California Raises Wages for Fast-Food Workers

Leah Shepherd By Leah Shepherd October 12, 2023

​A new California law means fast-food workers will be paid more and a new state entity will oversee working conditions in the industry.

On Sept. 28, Gov. Gavin Newsom signed AB 1228, which sets a $20 minimum wage for fast-food workers starting on April 1, 2024. The fast-food employee minimum wage will increase annually until 2029, based on the Consumer Price Index. The law applies to chains of limited-service restaurants consisting of more than 60 establishments that share common branding, marketing and products.

As a result, "menu prices are going to have to increase, so it's going to hit the consumer almost immediately," said Alden Parker, an attorney with Fisher Phillips in Sacramento, Calif. Additionally, "the penalty for [an employee's] missed meal period goes up too, because that's tied to the minimum wage."

Some family-run restaurants could experience a labor shortage if bussers, prep cooks and hosts seek higher wages at fast-food chains, Parker noted.

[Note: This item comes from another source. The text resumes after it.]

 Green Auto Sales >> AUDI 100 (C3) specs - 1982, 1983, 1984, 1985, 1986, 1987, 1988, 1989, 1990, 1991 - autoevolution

The bill was recently amended to eliminate a provision that would have imposed joint-employer status on franchisers. That step "preserves the franchise business model in the state and solidifies the best possible outcome for workers, local restaurant owners and brands," said Matt Haller, president of the International Franchise Association in Washington, D.C. "Common sense has prevailed."

Fast Food Council

The new law establishes the Fast Food Council, which can set an hourly minimum wage for fast-food restaurant employees and institute health, safety and employment standards for fast-food restaurants. 

This law repeals the state's Food Accountability and Standards Recovery Act, which would have increased the fast-food minimum wage to $22 per hour with annual increases thereafter. That law also would have "granted the Fast Food Council more expansive powers to regulate fast-food industry working conditions," said Christopher Olmsted, an attorney with Ogletree Deakins in San Diego.

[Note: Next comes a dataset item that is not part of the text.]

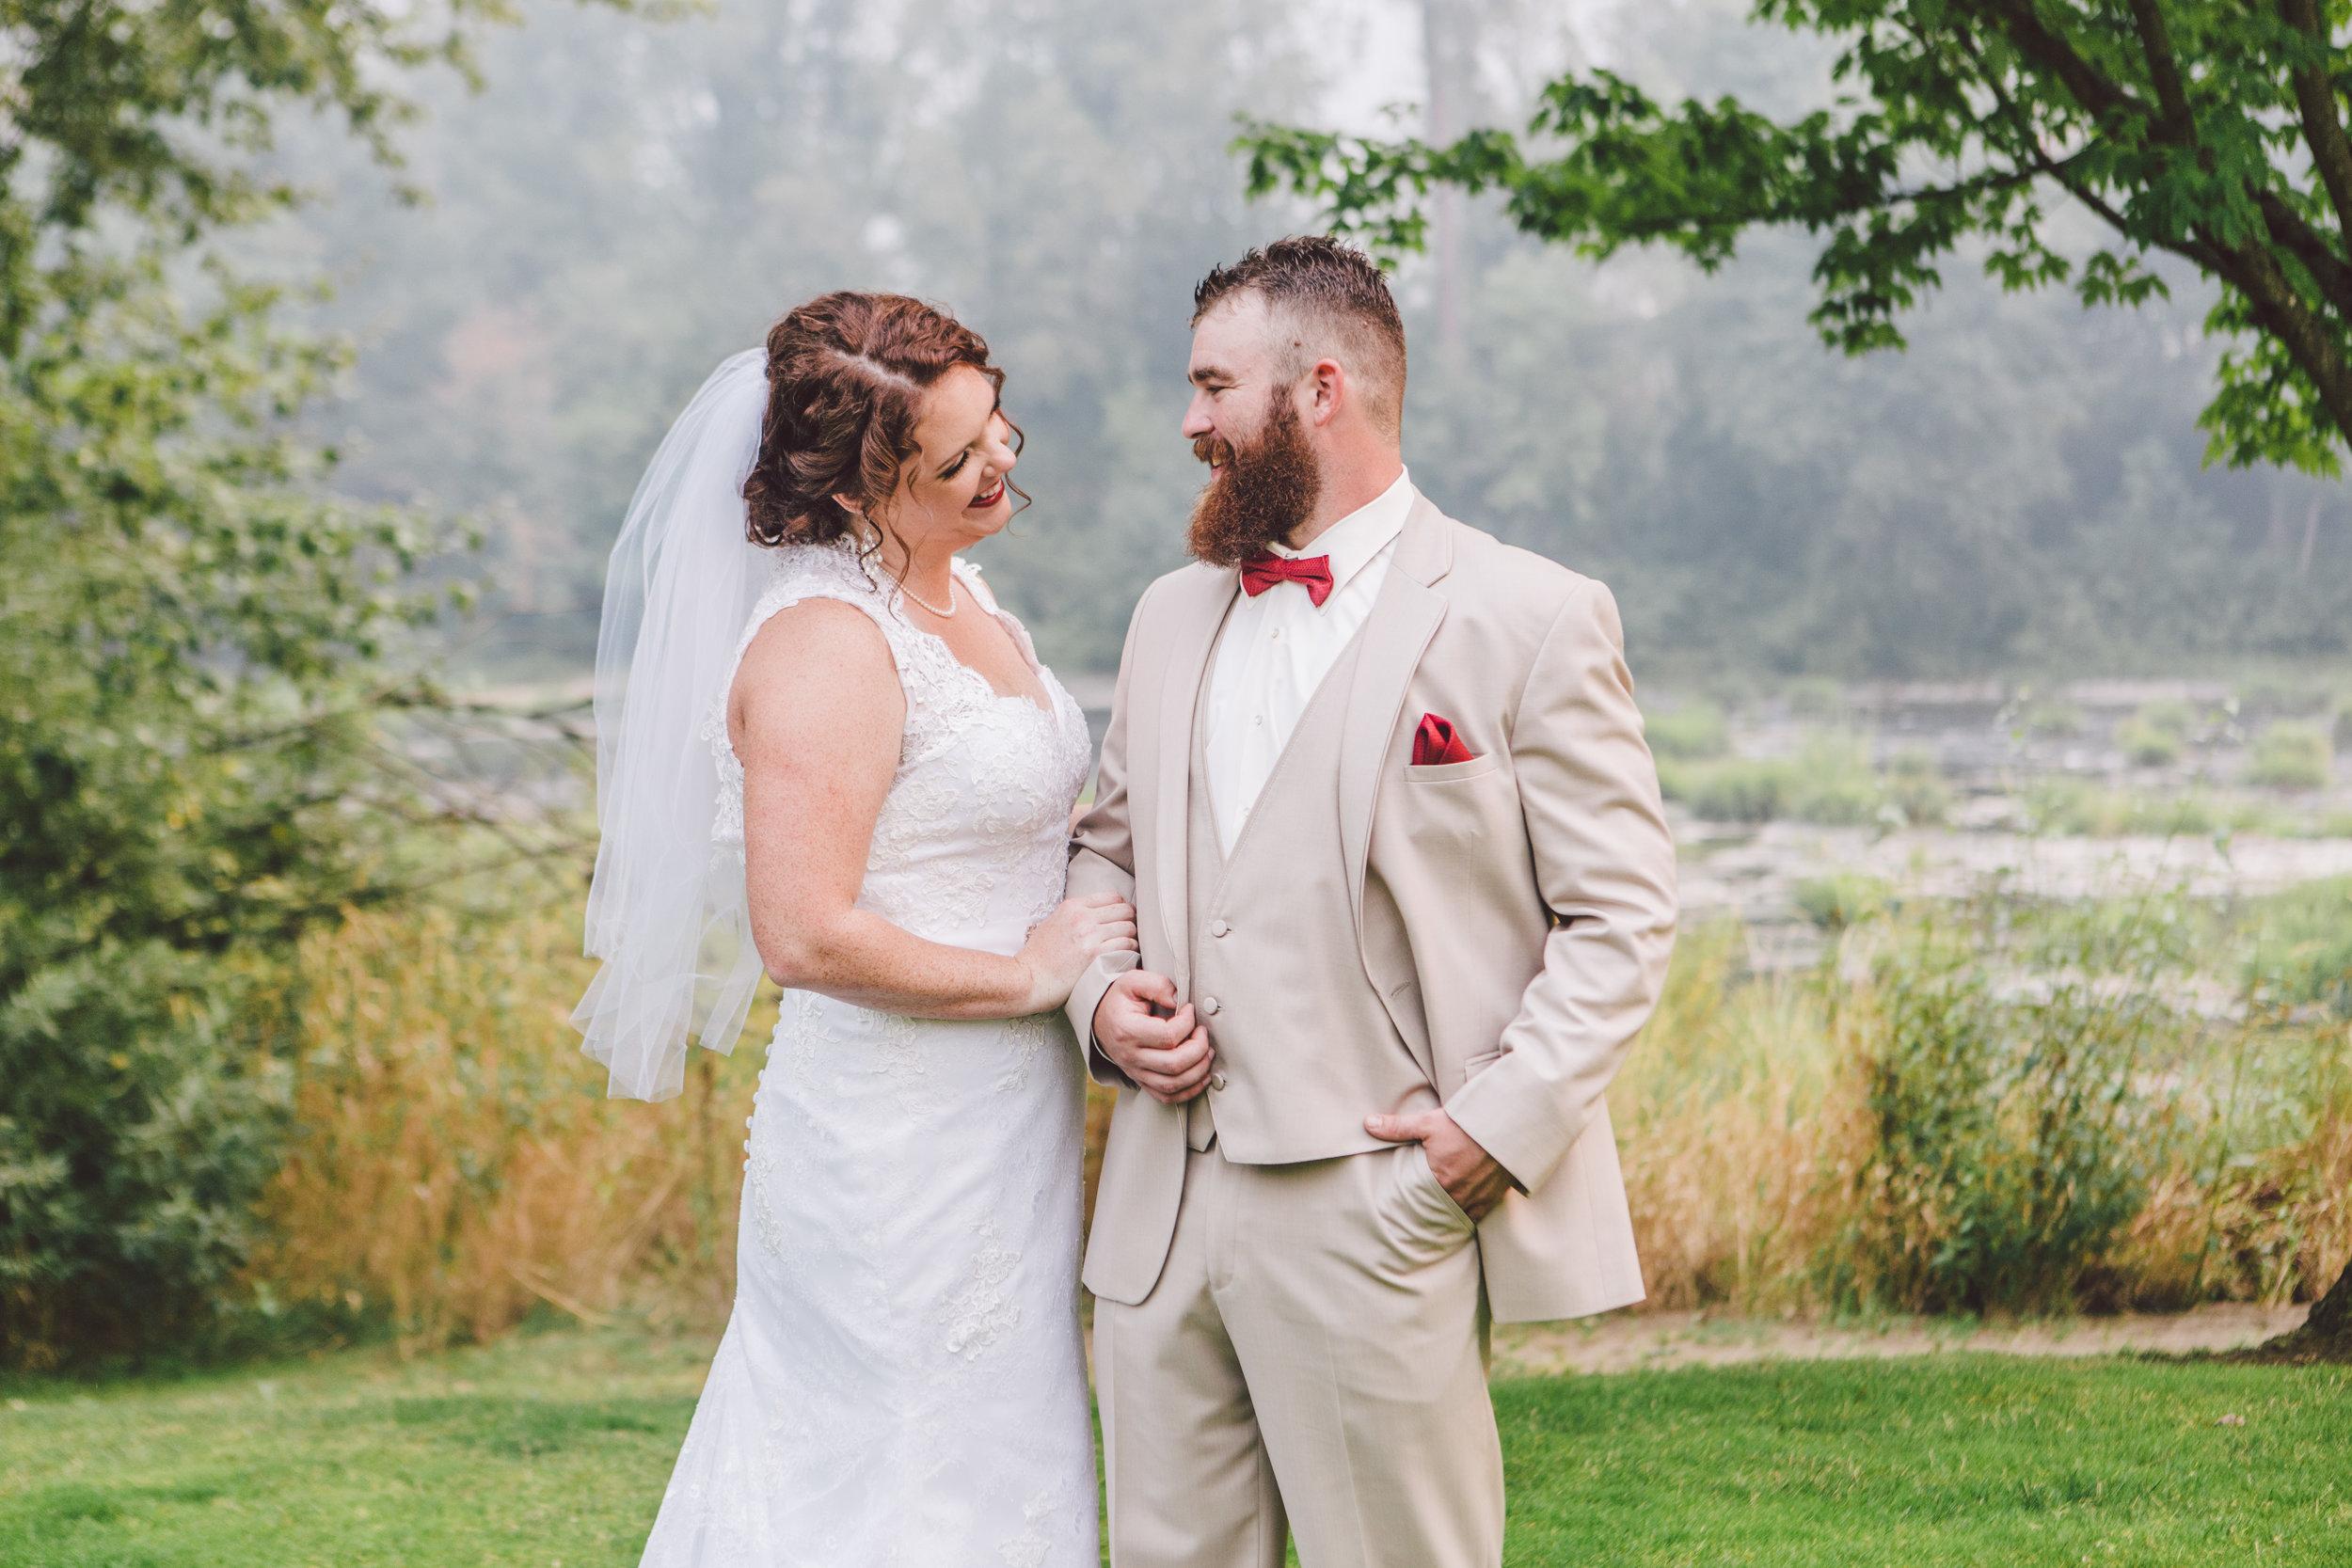 Kincheloe_Hutchings Wedding 2017 (355).jpg

Under the new law, the Fast Food Council will have nine voting members:

  • Two representatives of the fast-food restaurant industry.
  • Two representatives of fast-food restaurant franchisees or restaurant owners.
  • Two representatives of fast-food restaurant employees.
  • Two representatives of advocates for fast-food restaurant employees.
  • One unaffiliated member of the public who is not an owner, franchisee, officer or employee in the fast-food industry; who is not an employee or officer of a labor organization or a member of a labor organization representing fast-food restaurant employees; and who has not received income from the fast-food industry or any labor organization for a period of two years prior to appointment.

The council also will have two nonvoting members: one representative from the state Department of Industrial Relations and one representative from the Governor's Office of Business and Economic Development.

The council's purpose is to establish minimum standards on wages, working hours, training and other working conditions to maintain the health, safety and welfare of fast-food workers. The council will provide direction to and coordinate with state agencies. The council must convene its first meeting by March 15, 2024.

Under the law, "cities cannot have their own fast-food council, and cities and counties cannot have their own fast-food minimum wage," Parker said, but the state Fast Food Council can establish regional minimum wages that are higher than $20. "That's a real concern that we're going to be watching pretty closely."

The Fast Food Council cannot institute predictive scheduling, which would require employers to notify workers about their work schedule two weeks beforehand, Parker said.

The new law prohibits fast-food restaurant operators from firing, discriminating against or retaliating against any employee due to the employee's participation in or testimony to a proceeding convened by the Fast Food Council.